* SUPPLIED INFORMATION
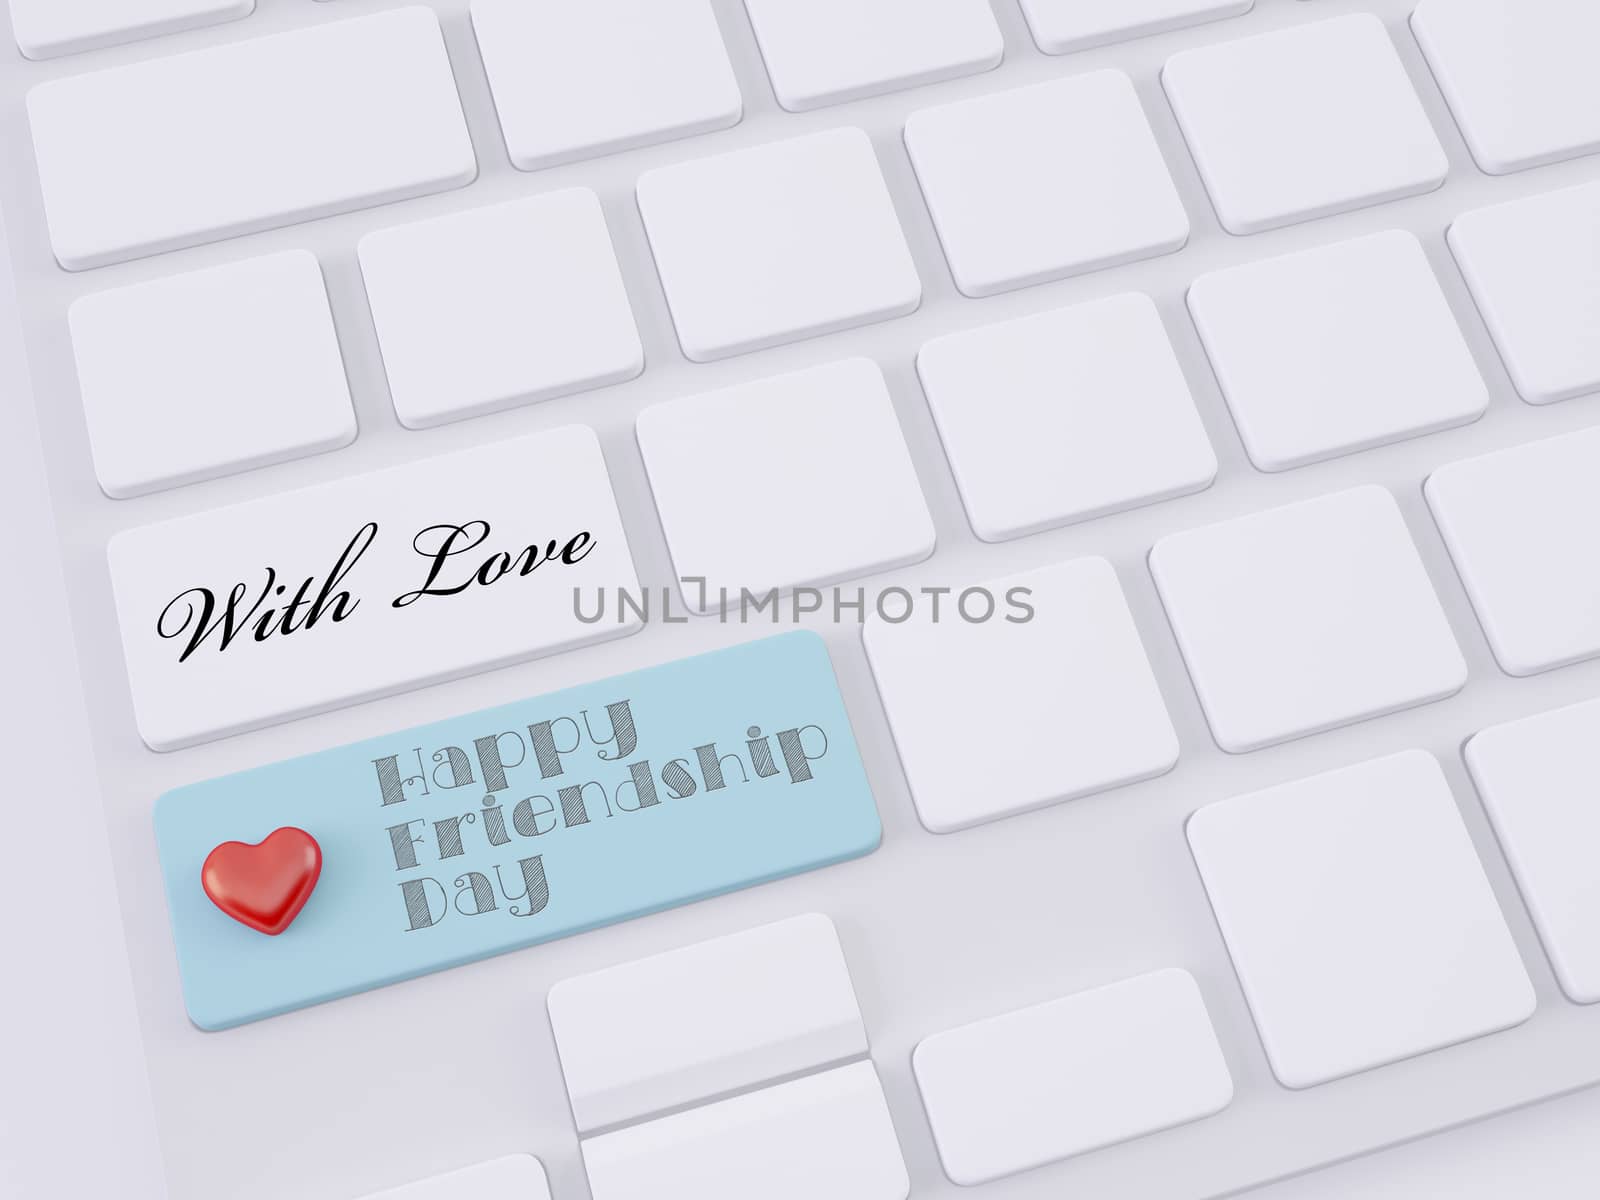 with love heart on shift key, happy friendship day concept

==

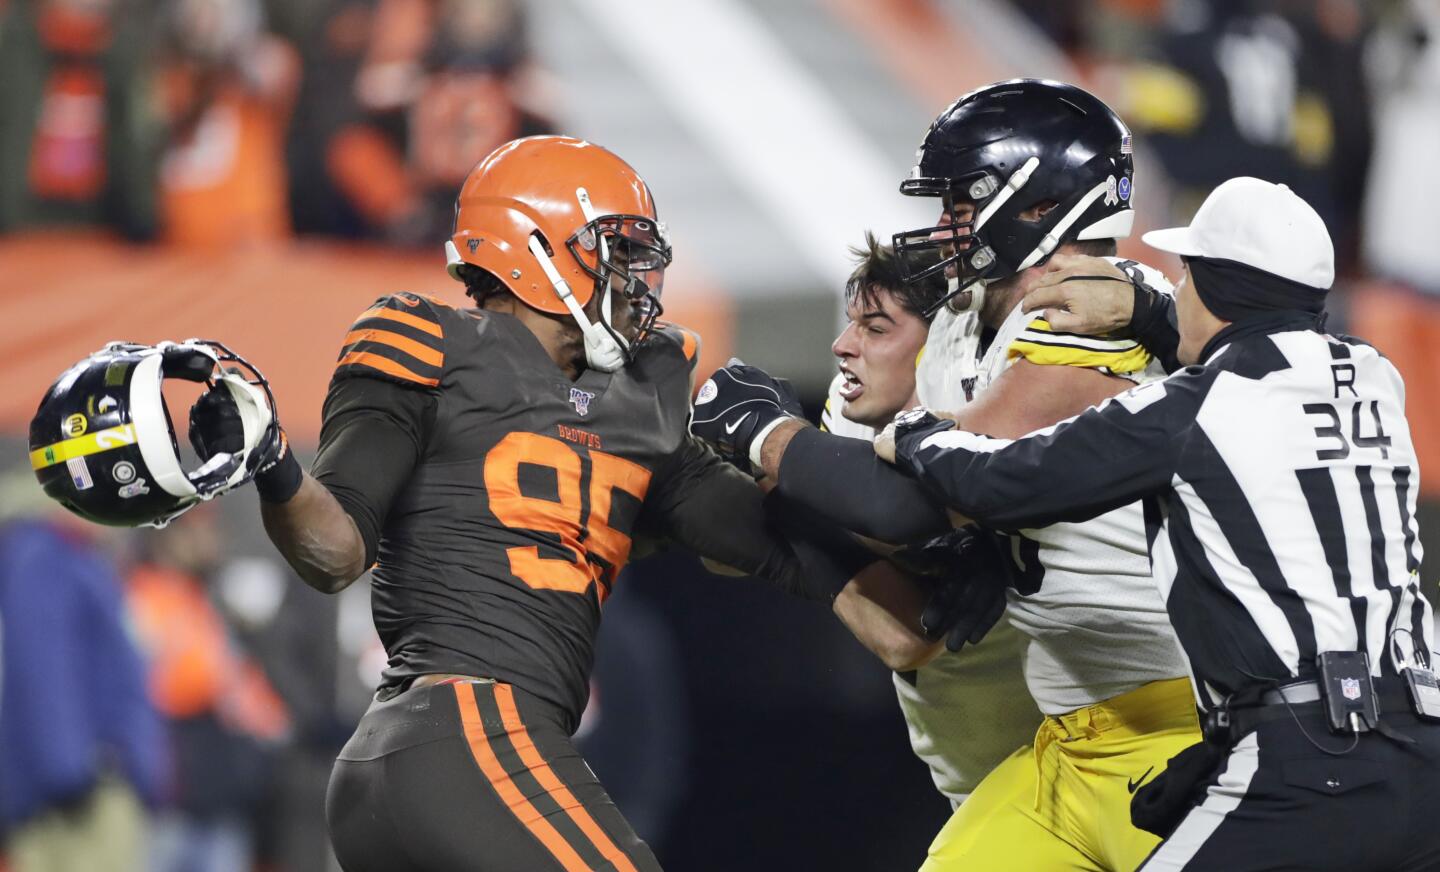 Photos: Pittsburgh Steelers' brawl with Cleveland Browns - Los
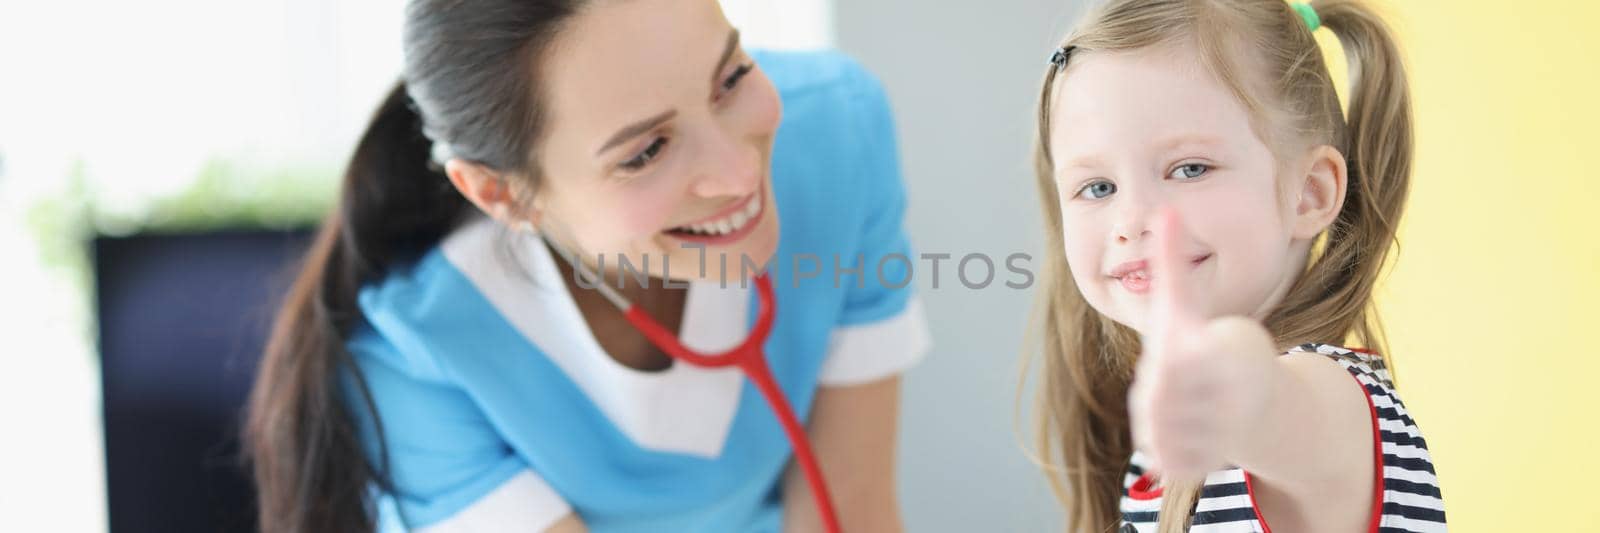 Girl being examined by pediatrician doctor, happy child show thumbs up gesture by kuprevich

* ACTIVITY
Look above for the line with "Photos: Pittsburgh Steelers'" and the line with "Girl being examined". Output those two and everything between them exactly, pictures excluded.

* PROBLEM SOLUTION
 Photos: Pittsburgh Steelers' brawl with Cleveland Browns - Los
 Girl being examined by pediatrician doctor, happy child show thumbs up gesture by kuprevich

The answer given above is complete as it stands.